Has anyone tried this yet, sounds promising. I've been using Feature last year with nice results

https://ryanknorrlawncare.com/product/greenorr/


----------



## San (Jun 21, 2021)

Looks to me you're better off just getting this: https://www.ourprosolutions.com/product/ProSolutions-15-0-0-with-6--Iron----Gallons


----------



## Scagfreedom48z+ (Oct 6, 2018)

Or this

https://www.domyown.com/turfgrasspro-blade-iron-15-p-17267.html#!images


----------



## Mightyquinn (Jan 31, 2017)

San said:


> Looks to me you're better off just getting this: https://www.ourprosolutions.com/product/ProSolutions-15-0-0-with-6--Iron----Gallons


You can find it cheaper at Tractor Supply. The only downside to this is that it doesn't contain all the Micro Nutrients that Feature or Main Event have which by far is still cheaper than what the OP posted.


----------



## San (Jun 21, 2021)

Mightyquinn said:


> San said:
> 
> 
> > Looks to me you're better off just getting this: https://www.ourprosolutions.com/product/ProSolutions-15-0-0-with-6--Iron----Gallons
> ...


Yes, that's where I get mine, put figured I'd post the link to where they have the label posted as well.
I'm not at a tier that those extra micro nutrients matter, and honestly don't think I ever will be.


----------



## Mightyquinn (Jan 31, 2017)

San said:


> Mightyquinn said:
> 
> 
> > San said:
> ...


You got me thinking by posting that and did some math and that stuff is actually cheaper than feature or Main Event. I don't have a high pH so the chelation isn't as important.


----------



## g-man (Jun 15, 2017)

Mightyquinn said:


> San said:
> 
> 
> > Mightyquinn said:
> ...


Chelation helps with not getting orange concrete (rust stains).
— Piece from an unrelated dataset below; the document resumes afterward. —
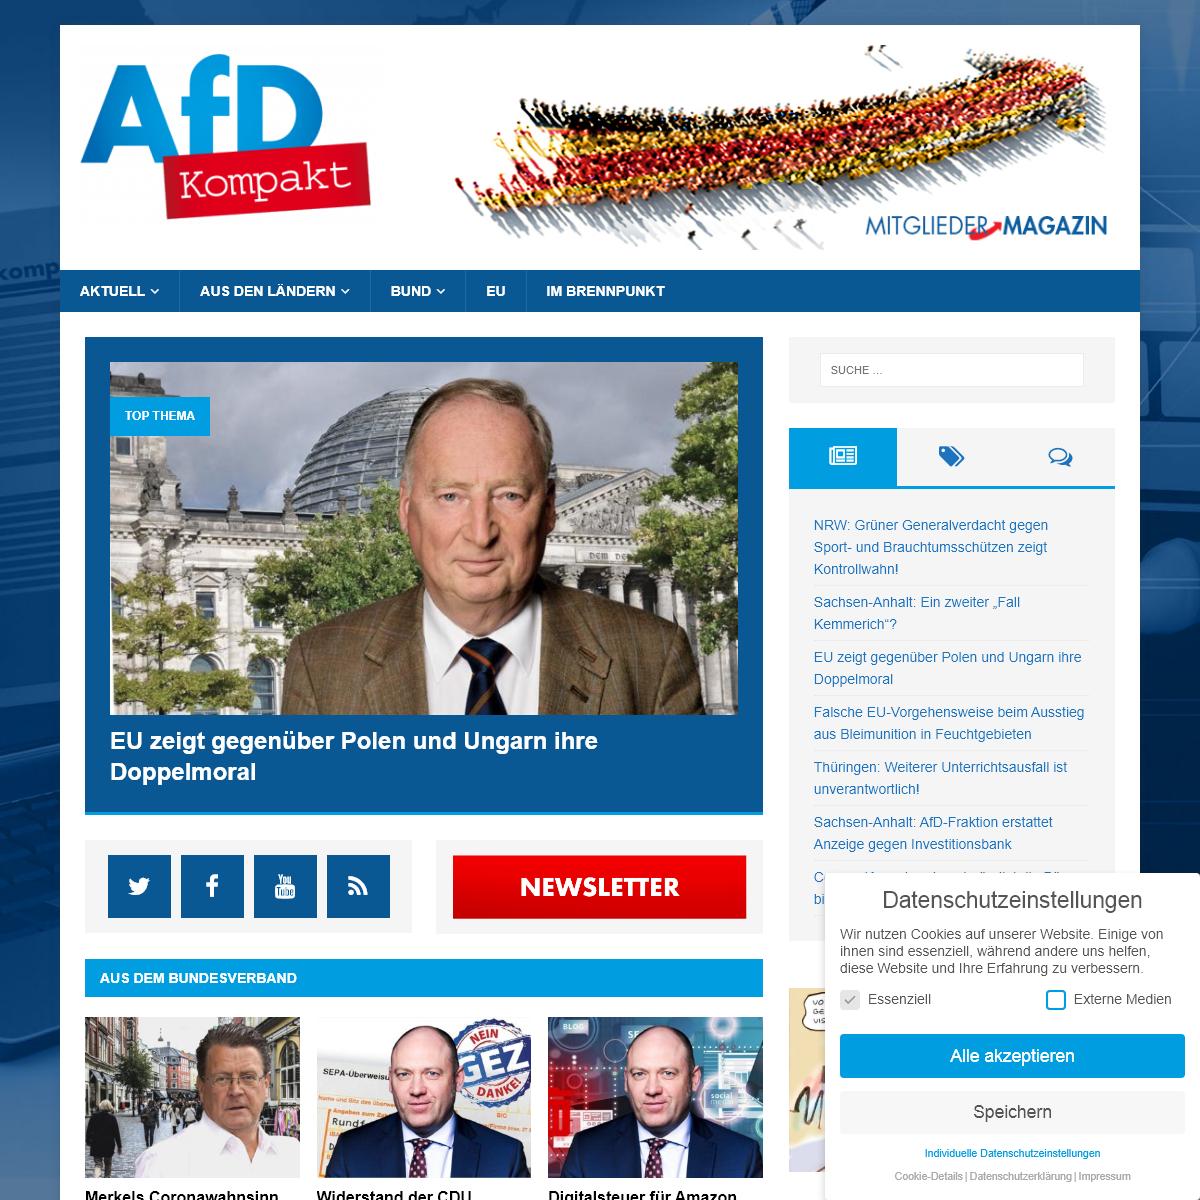 AfD Kompakt - Das Mitgliedermagazin der Alternative für Deutschland
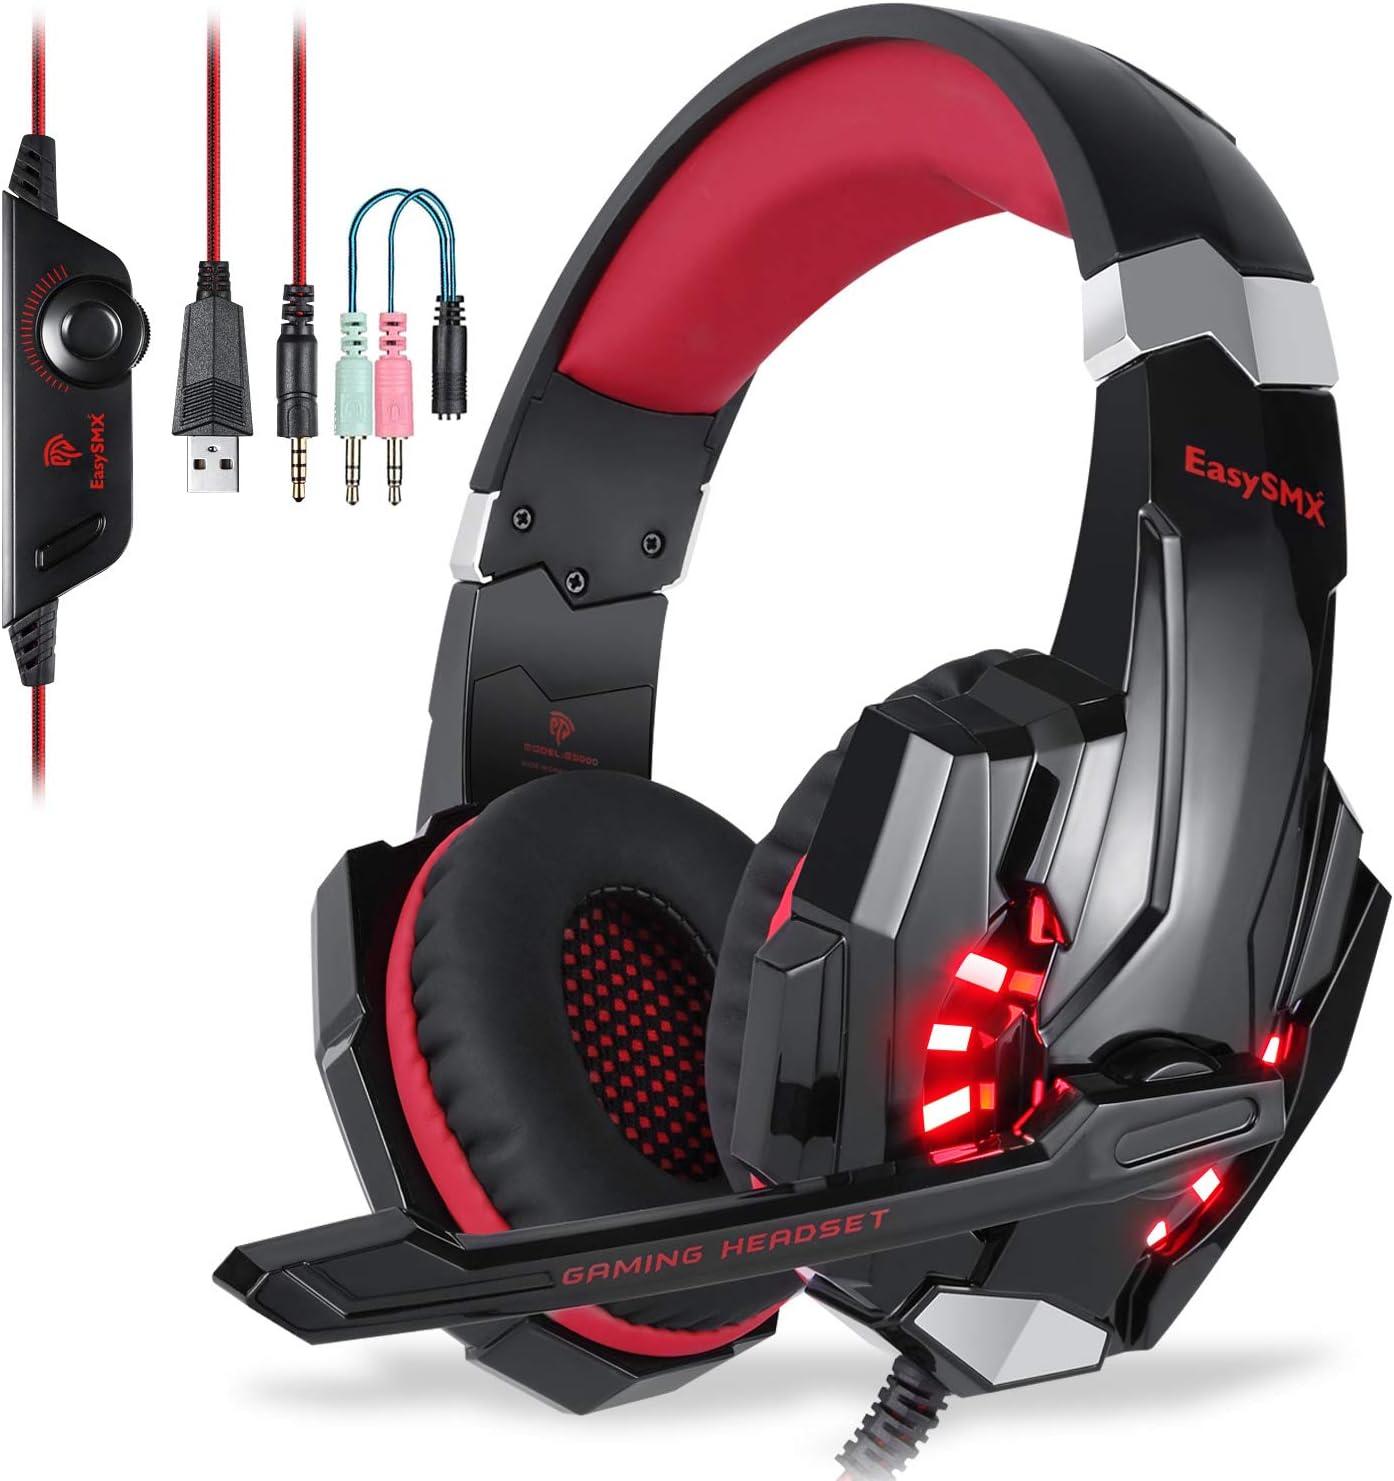 EasySMX Auriculares estéreo con cable y micrófono, luz LED, volumen en línea y control de silencio para nueva Xbox One, PC, Mac, computadora portátil, teléfono inteligente y PS4 3.5mm Negro y Rojo

But it is cheaper to buy citric acid and FS hepta and add your own water at home.


----------



## Mattrj87 (9 mo ago)

Scagfreedom48z+ said:


> Or this
> 
> https://www.domyown.com/turfgrasspro-blade-iron-15-p-17267.html#!images


Can this be mixed with PGR?


----------



## Scagfreedom48z+ (Oct 6, 2018)

I have in the past, no issues


----------



## Mightyquinn (Jan 31, 2017)

Mattrj87 said:


> Scagfreedom48z+ said:
> 
> 
> > Or this
> ...


There shouldn't be any issues.


----------